Expression of Pituitary Adenylate Cyclase-activating Peptide, Calcitonin Gene-related Peptide and Headache Targets in the Trigeminal Ganglia of Rats and Humans

Abstract

Neurotransmitter and headache target localization in the trigeminal ganglia (TG) might increase the understanding of sites of action, and mechanisms related to headache therapy. The overall aim of the study was to investigate the presence of migraine targets in the TG with particular emphasis on pituitary adenylate cyclase-activating peptide (PACAP) and calcitonin gene-related peptide (CGRP), known to be involved in cranial pain processing, and selected headache targets. Rat- and human TG were processed for immunohistochemistry. PACAP-38, CGRP and the headache targets were expressed in rat and human TG. PACAP receptors were confined to neurons and satellite glial cells (SGCs), however with variability between the receptor subtypes PACAP type I receptor (PAC1) and vasoactive intestinal peptide/PACAP receptors 1/2 (VPAC1/2). 5-Hydroxytryptamine (5-HT) receptors were expressed in neuronal somas in rat and human TG (human TG frequency: 5-HT1D > 5-HT1B/1F). Synaptosomal-associated protein 25 kDa (SNAP25) was primarily expressed in SGCs in humans, and neurons in rats, while synaptic vesicle glycoprotein 2A (SV2-A) was confined to SGCs and some neurons in rats and humans.

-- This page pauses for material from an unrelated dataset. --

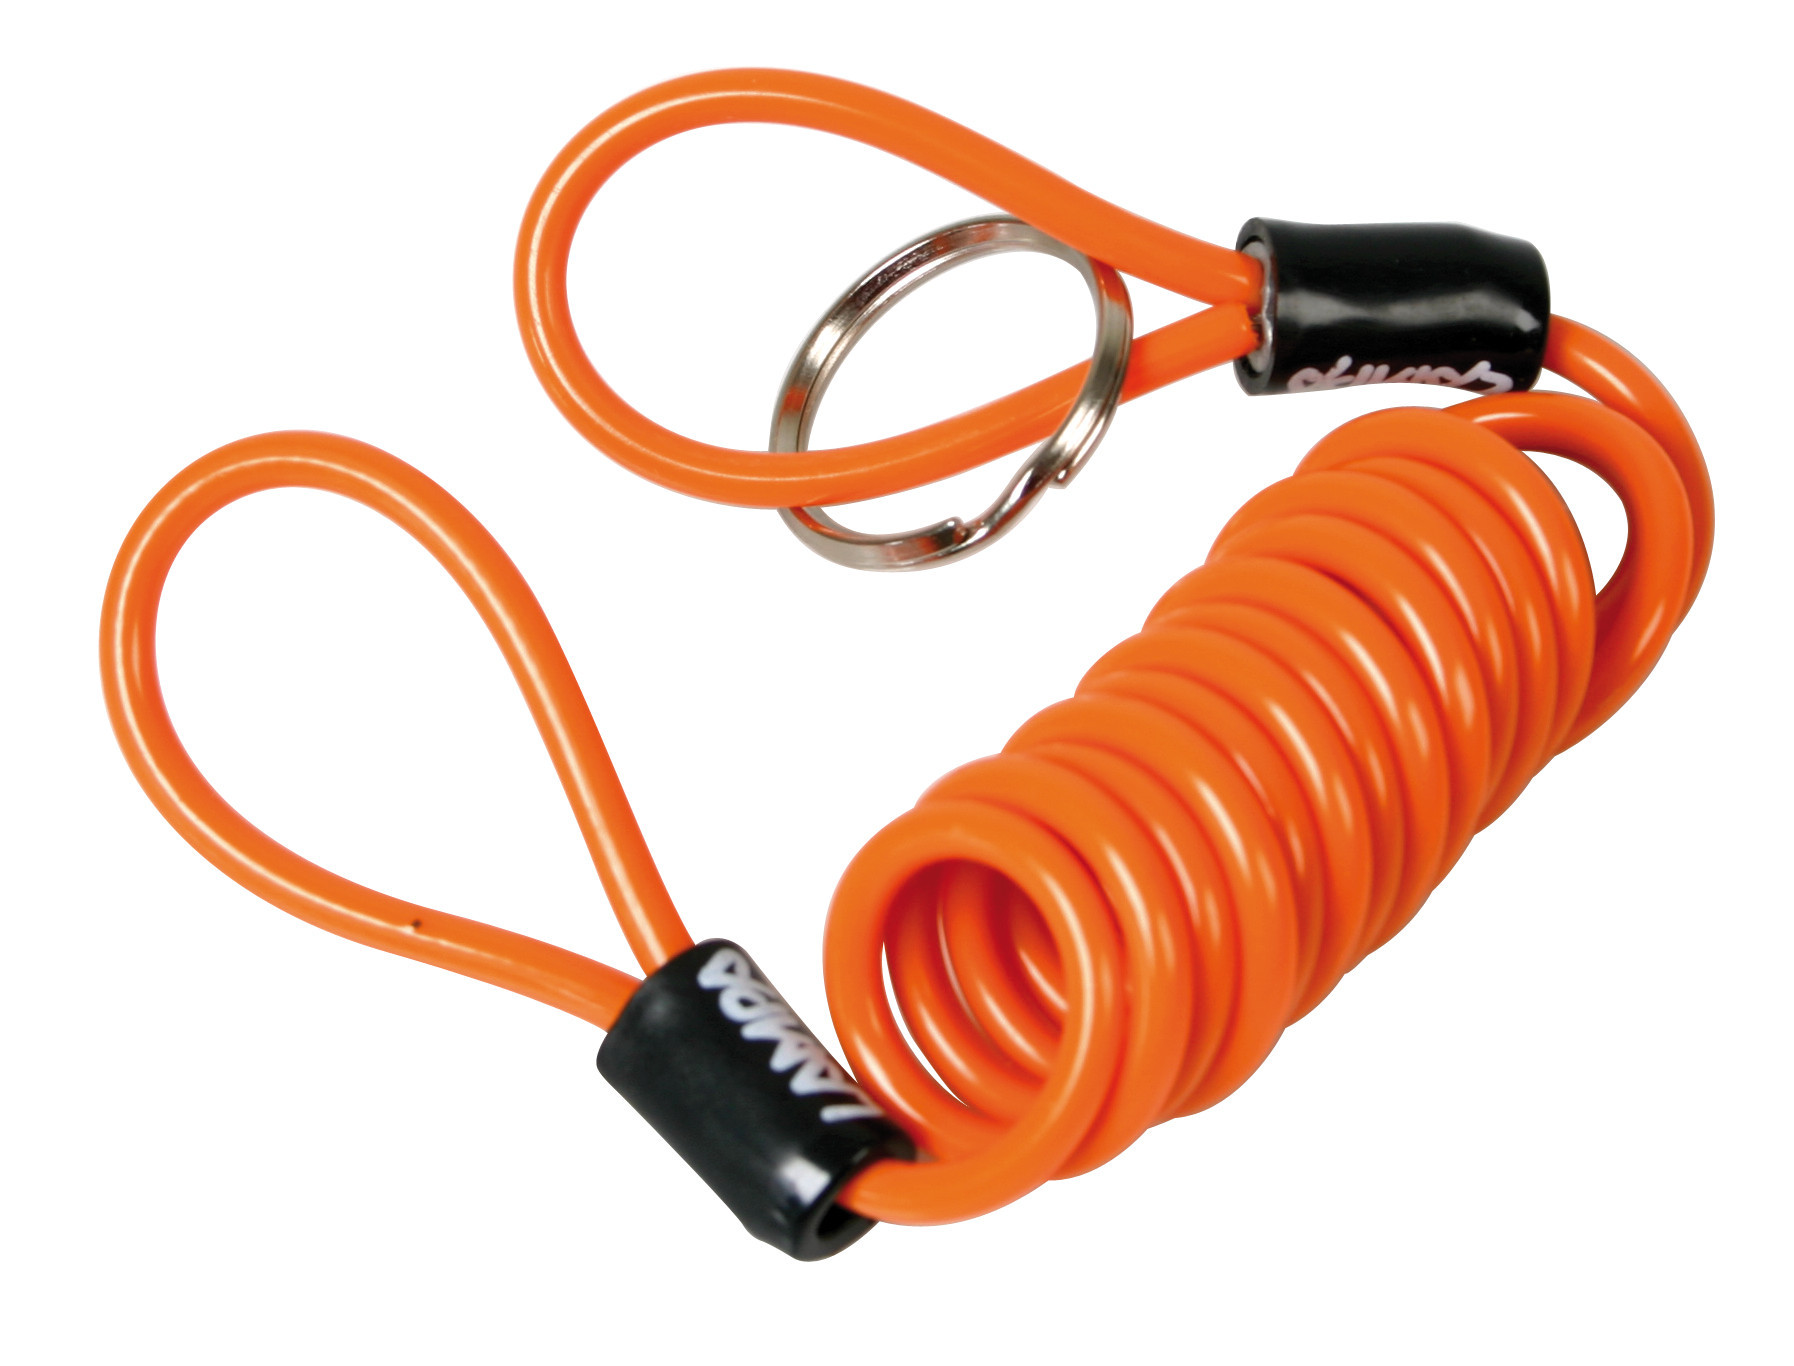 Cablu spiralat din otel Safety Reminder - 150cm - Portocaliu Garage AutoRide
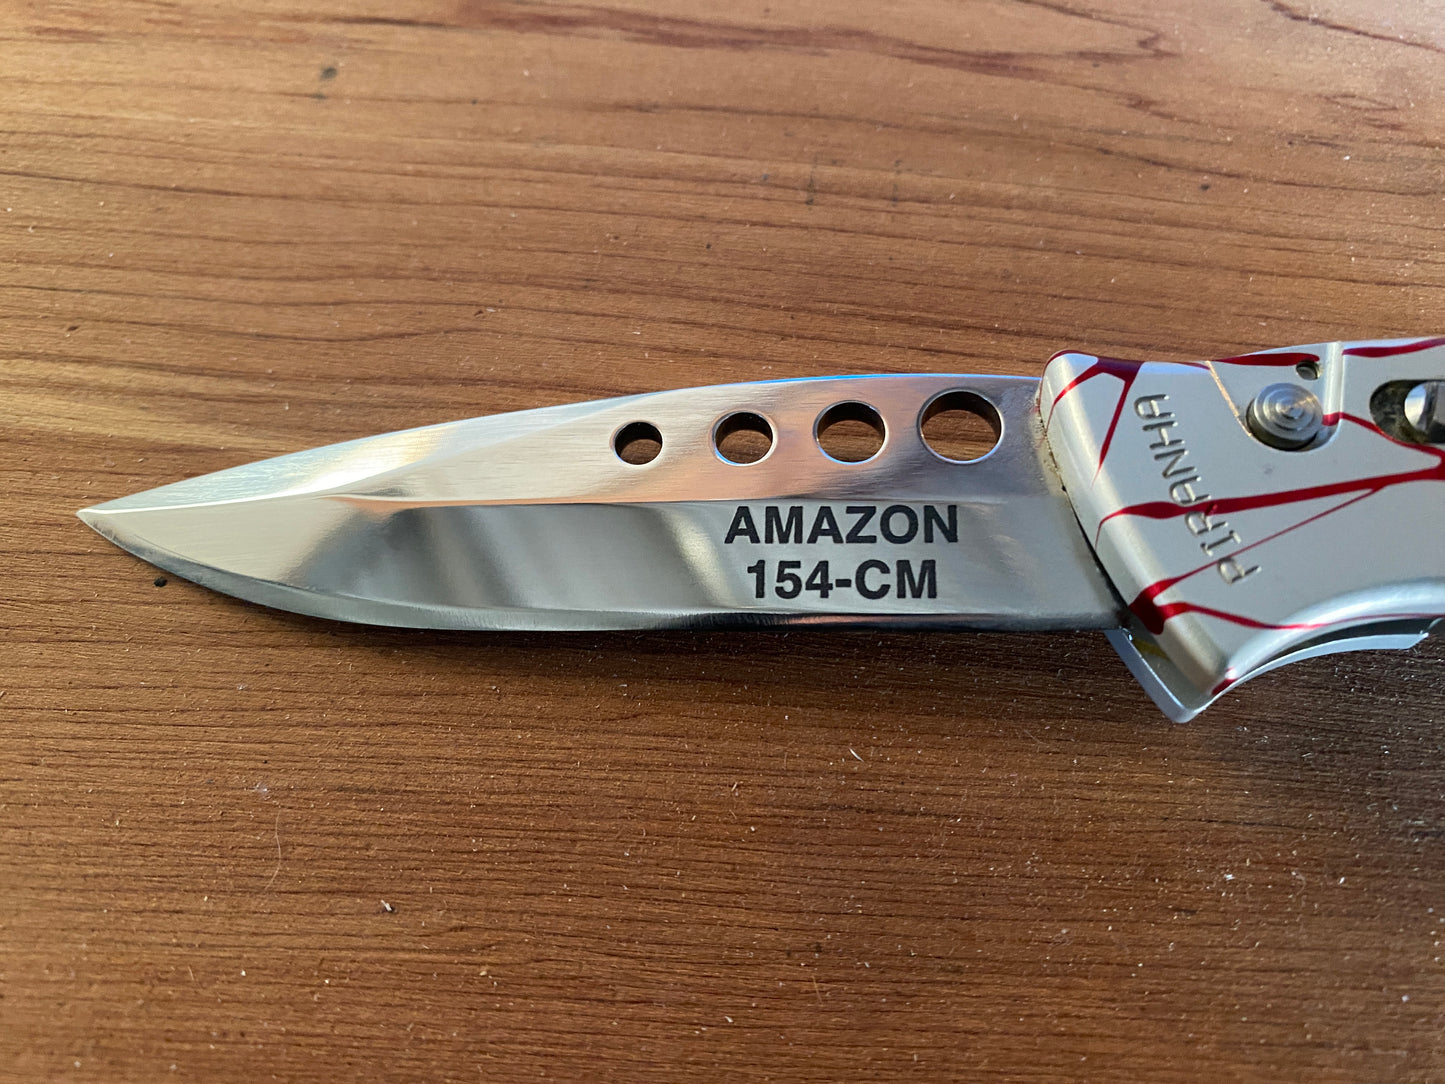 Piranha Amazon  Automatic pocket knife

Occasionally, PACAP-38-positive cells also expressed VPAC1, SNAP25 and SV2-A. VPAC1 was generally detected in SGCs enveloping PACAP-38-positive and -negative neuronal somas. Our study revealed potential sites of actions for anti-headache drugs such as PACAP receptor antagonists, Lasmiditan (5-HT1F agonist) and Botox (blocks exocytosis through SV2-A/SNAP25) in rat and human TG and considerable overlap between species in expression to specific cell types, except for VPAC1 and SNAP25.